Хорошо, что ты пришел, заговорил Герман. Можно перед тобой порисоваться – не горюй, мол, Макс, ничего особенного, дело житейское. Без этого невыносимо. Знаешь, я сейчас пытаюсь думать о своей жизни, но ничего не получается. Никаких фундаментальных умозаключений, никаких даже стоящих воспоминаний, все они превратились в ворох фотографий, батя мой. Одна только штука приходит в голову и стыдит безмерно. Всю жизнь я старался «производить впечатление» и больше, старый, по сути дела, ничем не был озабочен. Каждый кусок жизни проигрывается, как в дешевом театре. Везде я в позе… Или как в хорошем театре, какая разница. Везде – поза. Даже сейчас, Огоша… Попросил тебя приехать, а сам думаю о сцене «У постели умирающего друга», протягиваю тебе рентгеновский снимок – театральный эффект… Вместе с заявлением о выходе из союза получается… б-р-р… Говорю тебе в сумерках об этой дряни, и снова выходит жуткая показуха. Увы, только это еще и соединяет с жизнью. Без этого я вою, Макс. С этим тоже вою, но негромко, подвываю, а без этого уже все кончается, и только лишь вой… В общем, ты сейчас иди, Макс.
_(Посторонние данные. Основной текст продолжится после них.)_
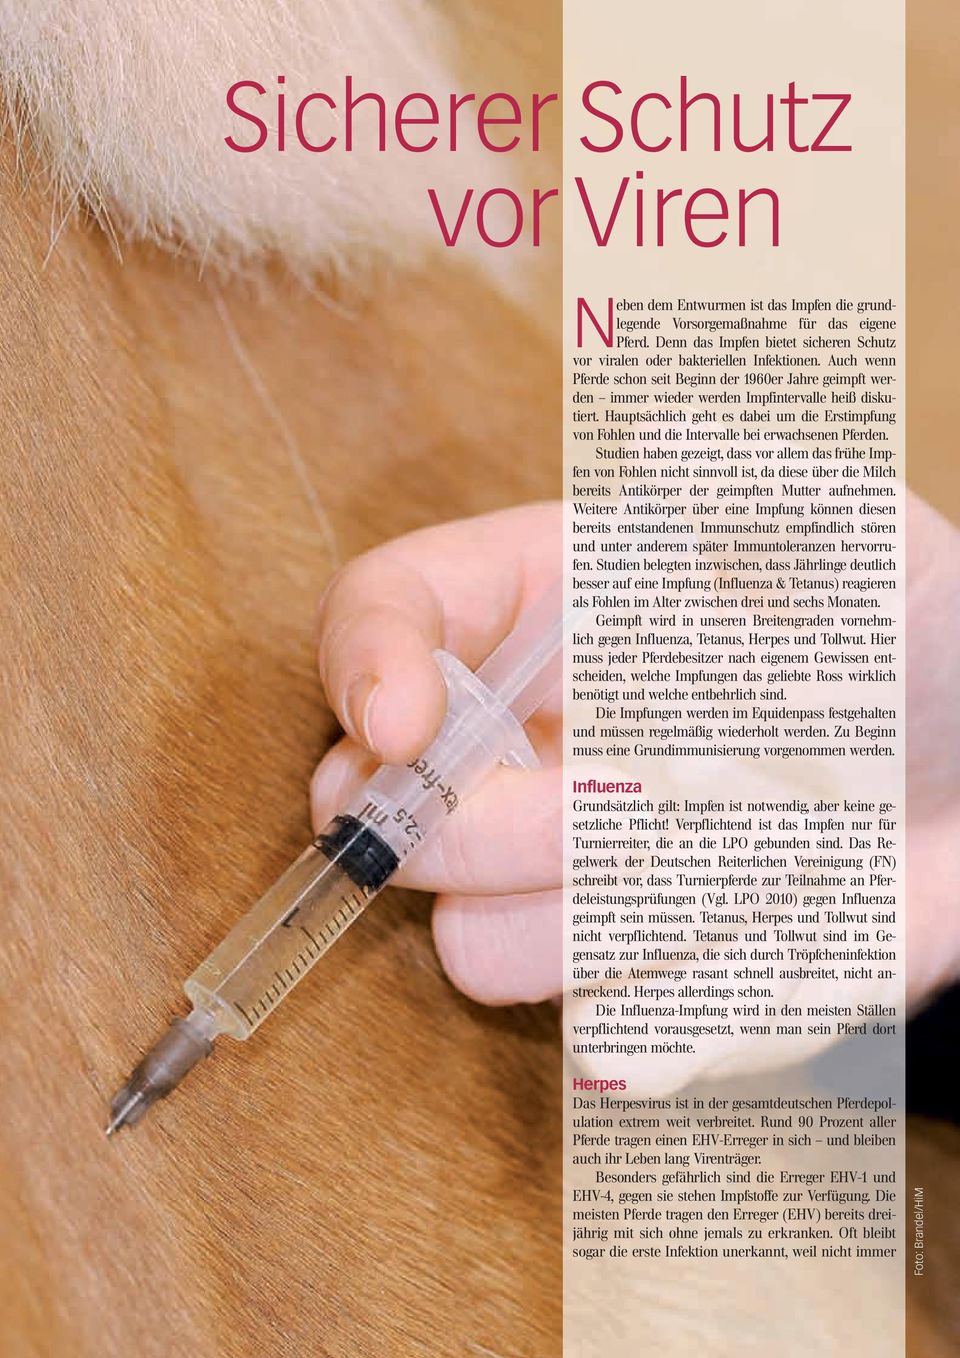 Hauptsächlich geht es dabei um die Erstimpfung von Fohlen und die Intervalle bei erwachsenen Pferden.

Сделай одолжение, разыграем сцену ухода…
В темноте Огородникову показалось, что на диване, возле подушки прыгает нечто, размером с жабу. По потолку проехал свет от проходящего троллейбуса, и он увидел, что это рука Германа подбирается к тумбочке. Он потянулся и поцеловал Славу в колючую щеку. Может быть, тебе священник нужен, Славка? Герман вздрогнул… Да, да… Знаешь, Макс, я и без болезни тянулся к религии, да только лишь боялся переиграть… Это уродство, и я даже рад, что теперь театрику конец. Иди, Огоша, иди! Найди мне священника, может быть, напоследок научит молиться в одиночку…
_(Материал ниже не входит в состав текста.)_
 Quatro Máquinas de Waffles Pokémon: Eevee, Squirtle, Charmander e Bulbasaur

Огородников прошел через комнату к дверям. Голос Германа догнал его там. Макс, а помнишь?… Что?… «Огнями улиц озарюсь»… Нет, ничего, иди… «перегородок тонкоребрость»…
На Чистых прудах дивно падал, быть может, последний в этом году вечерний снег. Советской власти в поле зрения не было. Он очищал снег со стекол машины и вдруг испытал забытое и странное ощущение нормальности. Нормальный московский вечер, нормальный человек счищает снег со своей машины, только что посетил нормально умирающего друга, сел, машина нормально завелась, к светофору нормально подъехала чуточку юзом, постовой нормально указал палочкой на обочину, нормально попросил права, осмотрел со всех сторон машину, вернул права, козырнул – будьте внимательны, подмораживает…
Пока ехал по Мясницкой, охваченный нормальной тоской и горечью, вспоминал что-то из прошлого. Все время возникало что-то самое раннее, самое молодое, хулиганское, ярчайшее – танцы конца пятидесятых, девчонки в туфлях на платформах, расквашенные носы, мы неразлучны – Слава, Андрей, Максим…
Между тем постовой подошел к серой «Волге», дежурившей под аркой «Гастронома». Задание выполнено, иронически козырнул он двум хмырям из «желез». Что же, так и поехал? – прищурился на постового один из хмырей. Постовой пожал плечами. А чего же ему не ехать? У товарища все в порядке. Ну что ж, сержант, и на том спасибо. «Волга» выкатила из своей пещеры. Постовой нехорошо смотрел ей вслед. Трутни, думал он, настоящие трутни.